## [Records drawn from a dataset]
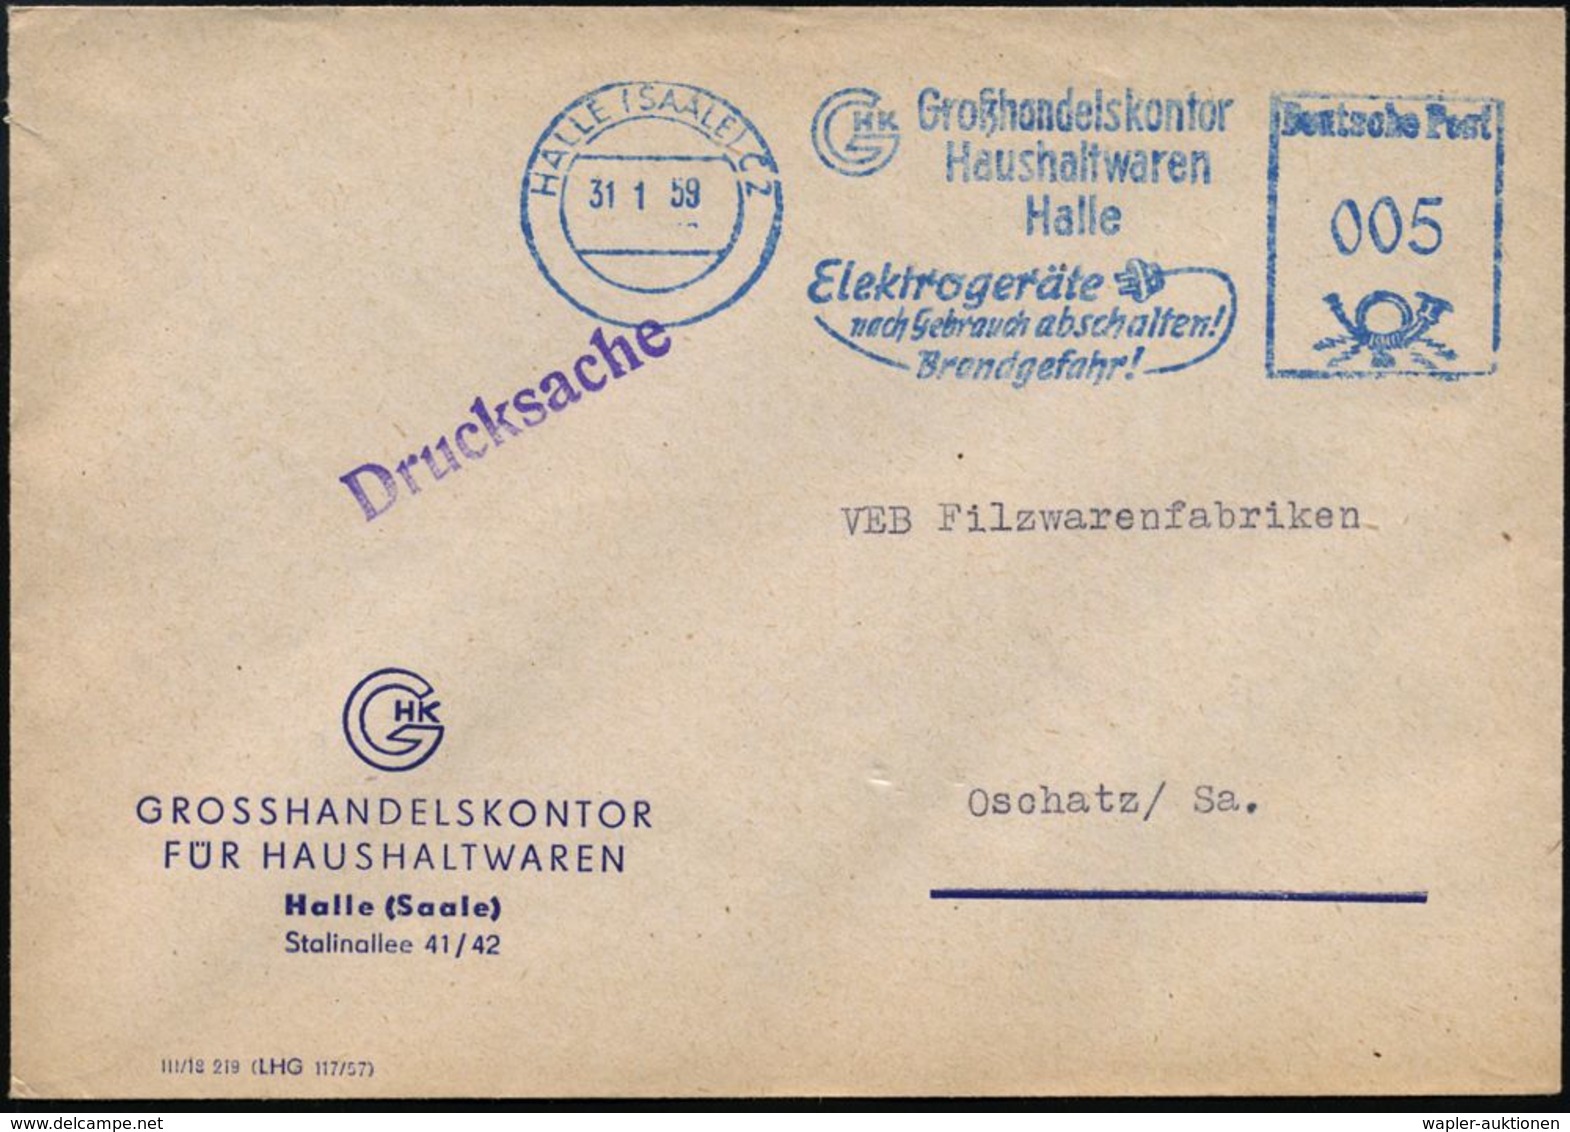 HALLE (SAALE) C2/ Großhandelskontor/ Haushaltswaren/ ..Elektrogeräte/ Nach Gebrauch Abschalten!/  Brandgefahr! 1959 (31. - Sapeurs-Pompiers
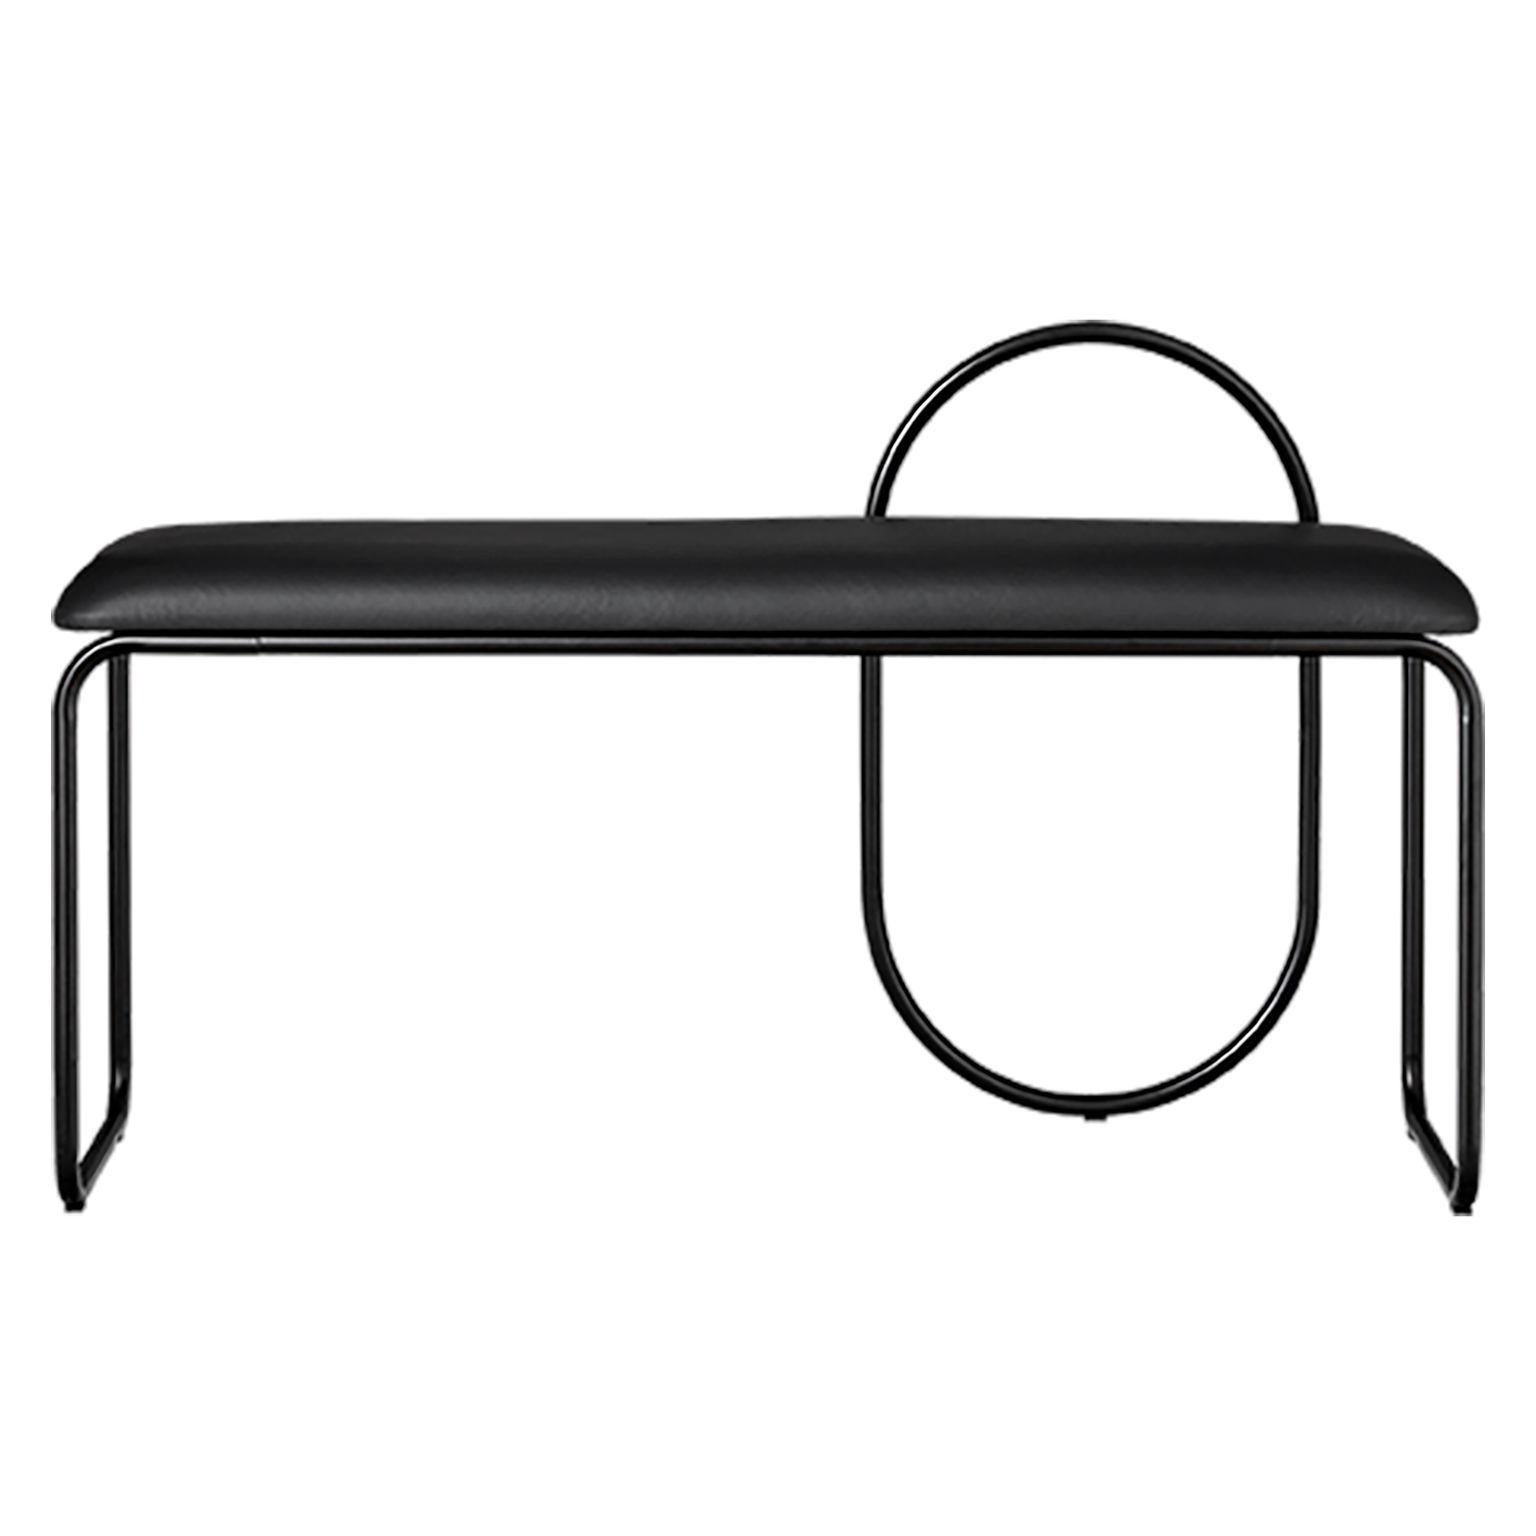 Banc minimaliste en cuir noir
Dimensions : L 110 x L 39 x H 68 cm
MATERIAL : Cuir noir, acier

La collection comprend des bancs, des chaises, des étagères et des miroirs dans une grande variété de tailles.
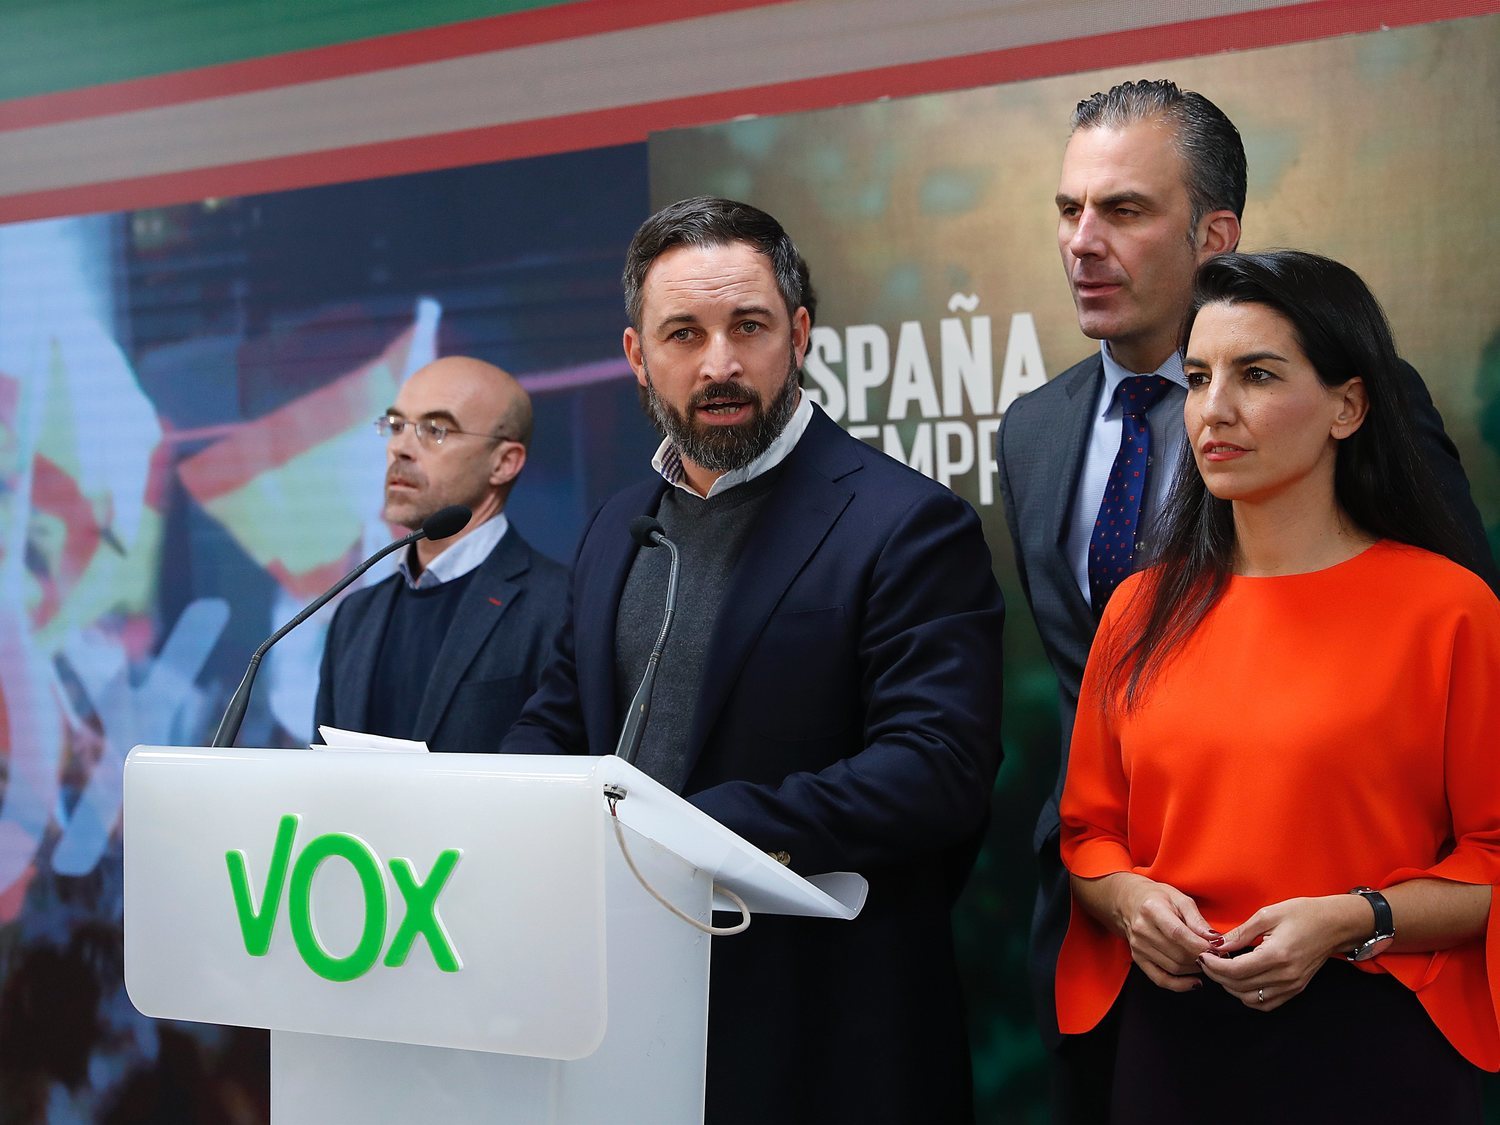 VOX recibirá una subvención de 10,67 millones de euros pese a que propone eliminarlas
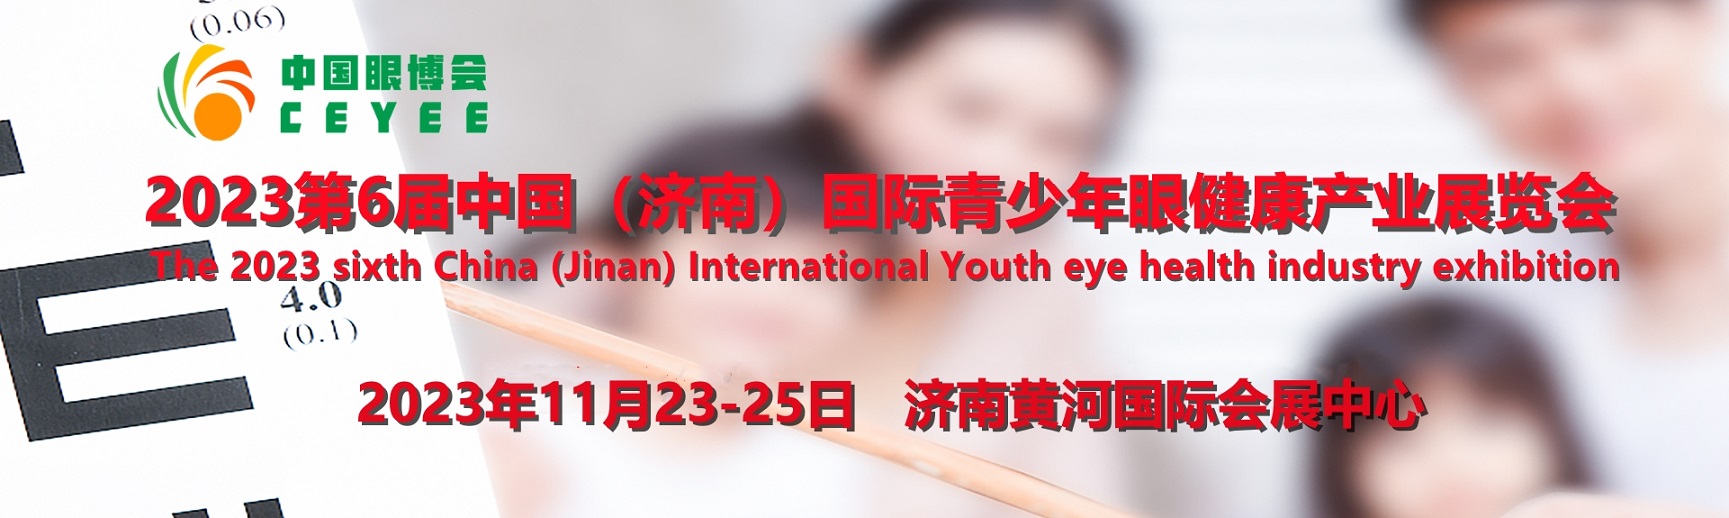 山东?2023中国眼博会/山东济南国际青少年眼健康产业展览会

## [Aim of the task]
An exact copy of the records above is required, leaving out the pictures.

## [Exercise solution]
 HALLE (SAALE) C2/ Großhandelskontor/ Haushaltswaren/ ..Elektrogeräte/ Nach Gebrauch Abschalten!/  Brandgefahr! 1959 (31. - Sapeurs-Pompiers
 Banc minimaliste en cuir noir
Dimensions : L 110 x L 39 x H 68 cm
MATERIAL : Cuir noir, acier

La collection comprend des bancs, des chaises, des étagères et des miroirs dans une grande variété de tailles.
 VOX recibirá una subvención de 10,67 millones de euros pese a que propone eliminarlas
 山东?2023中国眼博会/山东济南国际青少年眼健康产业展览会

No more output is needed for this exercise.